口元を抑えて俯く俺にまだ那由多の柔らかい視線が届いている。


横目でちらっと見ると、やはり那由多は微笑んでいた。



しばらく沈黙が続く。

これから昼下がりに向けて、ますますこの熱気は盛んになる。

水分が失われた体が徐々に重く、気だるく感じられてきた。

暑さを意識すればするほどじっとり汗が湧き出てくる。あ、石段に汗が垂れた。喉渇いた。ああまずい。

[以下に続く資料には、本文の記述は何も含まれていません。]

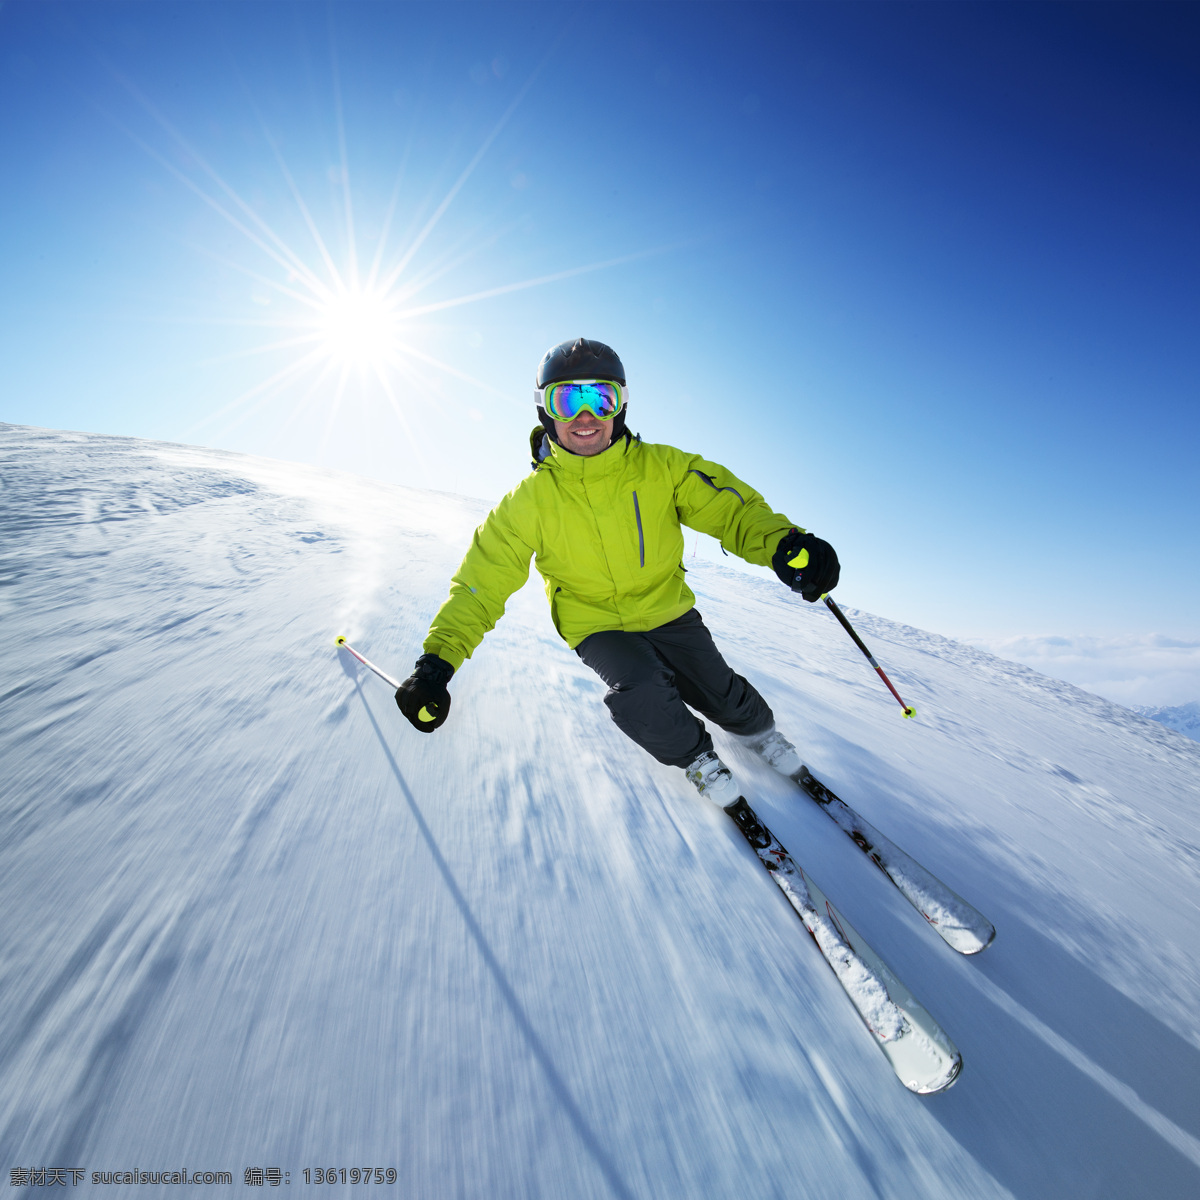 滑雪的人物 人物 太阳 蓝天 滑雪 雪地 雪景 运动 体育运动 生活百科 蓝色

それにしても何でこいつはこんなに涼しい顔してるんだ。体内に冷却装置でも搭載してるのか。

(見た目だけは)可憐な少女に汗は似合わないってか。

神様は不平等過ぎる。



そんなことを考えていると、那由多がゆっくり立ち上がりやんわりと沈黙を打ち破った。


「今日は父が休みでな、張り切って昼食を作って待っている。イセキも久々に我が家に来るか?ちなみにサムゲタンだ」


「いや、…遠慮しとく」


小さく答えた俺に那由多は優しく微笑みかけ、そのまま石段を下りていく。


細く頼りない背中を向けたまま奴は淡々と言う。


「大学生の夏休みは長いんだろう。ゆっくりしていくといい。都会はあれこれ疲れが溜まるだろうからな」


そして顔をこちらに向け、足を止めた。


「それでは、楽しみにしてるぞ。四捨祭」



すぐにまた歩き出した。

一歩一歩、ローファーが石段を踏みしめる音が響く。

那由多の小さな体がますます小さくなっていく。


俺はその姿が目に入らないように顔を上げ、遠くの景色を見た。

村を囲む山の先に微かに町並みが見える。那由多の通う高校があの辺りに有る。


ローファーの音は聞こえなくなった。





「このくそ暑い時期にサムゲタンかよ…冬だったら行ってやらねえこともねえけどよ……」


なんだ、何なんだよ。 


訳わかんねえ。


ガキの頃、お決まりの待ち合わせ場所だったこの場所にわざわざ呼び出して話したかったことって、何だったんだよ。


将来を思い描いての恋愛って、つまりはそういうことだろ。


俺に言うことなのかよ。





最後のそれって、一緒に祭りに行こうってことか?



何だよ、結局俺でいいのかよ。









ああ、それにしてもマジで喉渇いた。



家に帰って炊き込みご飯と葛餅食ったら、余計に渇きが増しそうだ。



でもサムゲタンよりはマシなはずだ。